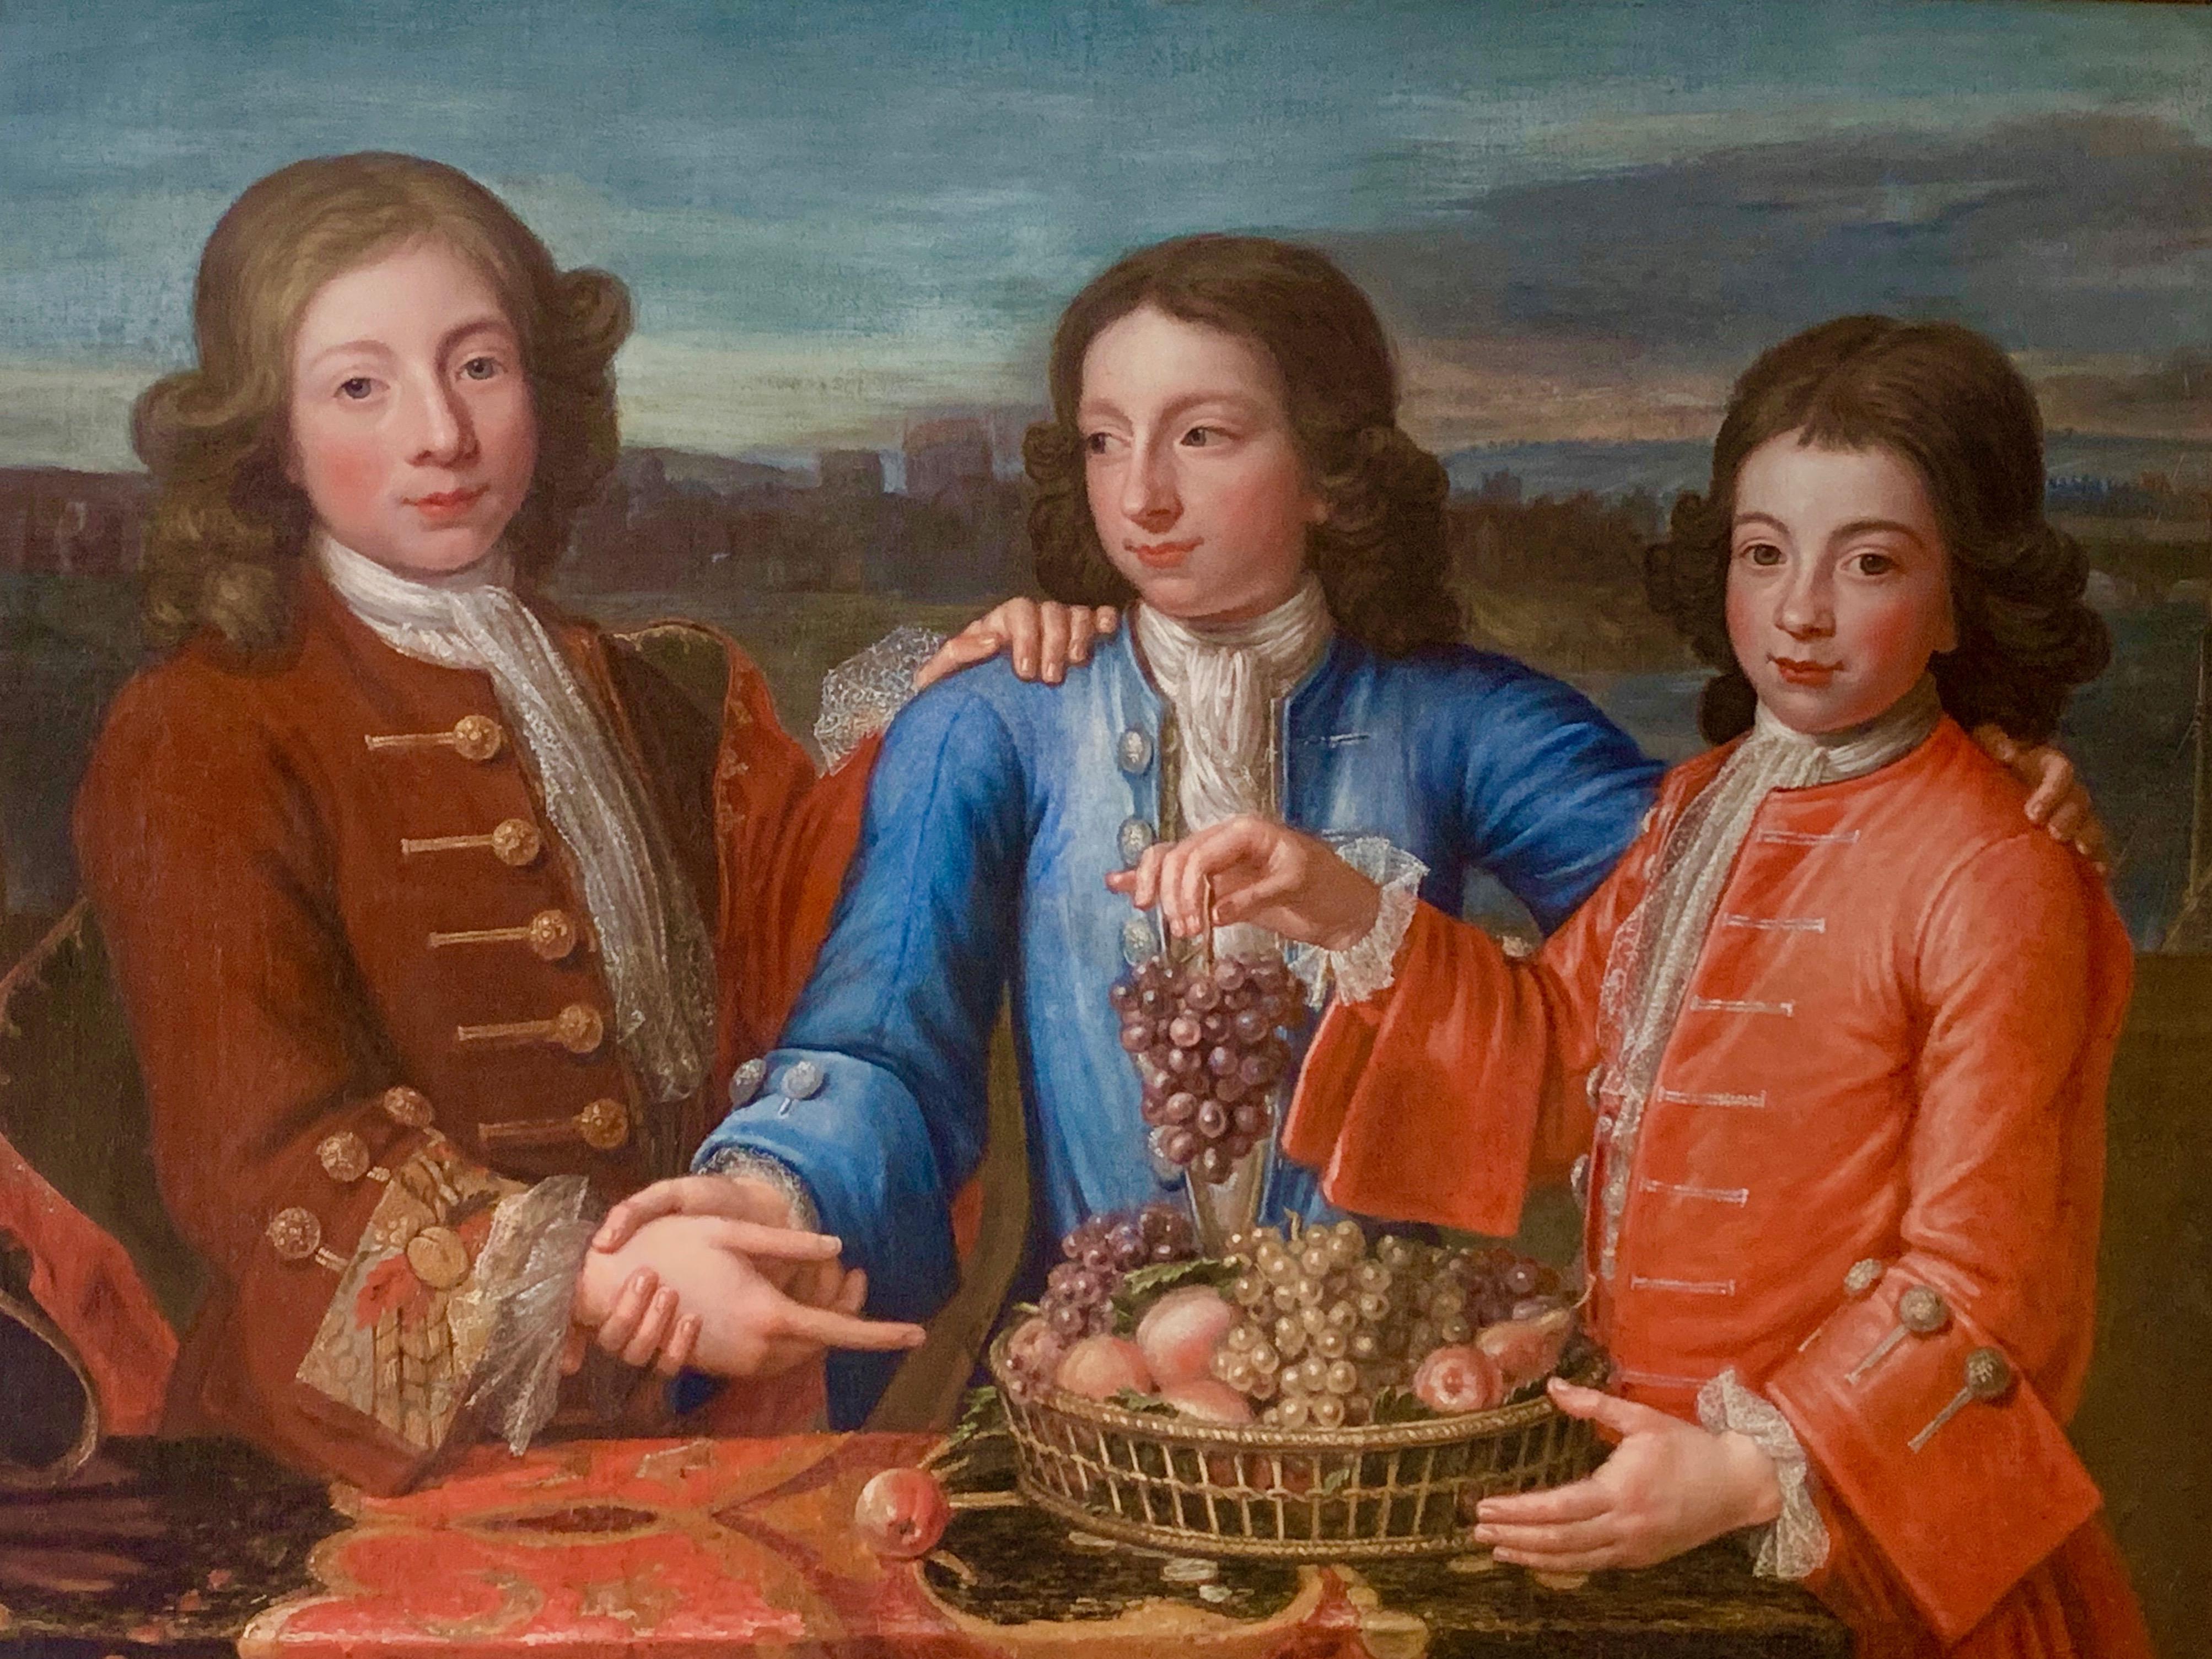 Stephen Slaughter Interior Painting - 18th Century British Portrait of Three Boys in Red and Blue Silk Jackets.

==

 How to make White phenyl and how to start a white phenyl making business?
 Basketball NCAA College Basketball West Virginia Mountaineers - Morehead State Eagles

** Task prompt **
In the listing above, find the line with "How to make" and the line with "Basketball NCAA College", then reproduce both and every line between them exactly.

** Result below **
 How to make White phenyl and how to start a white phenyl making business?
 Basketball NCAA College Basketball West Virginia Mountaineers - Morehead State Eagles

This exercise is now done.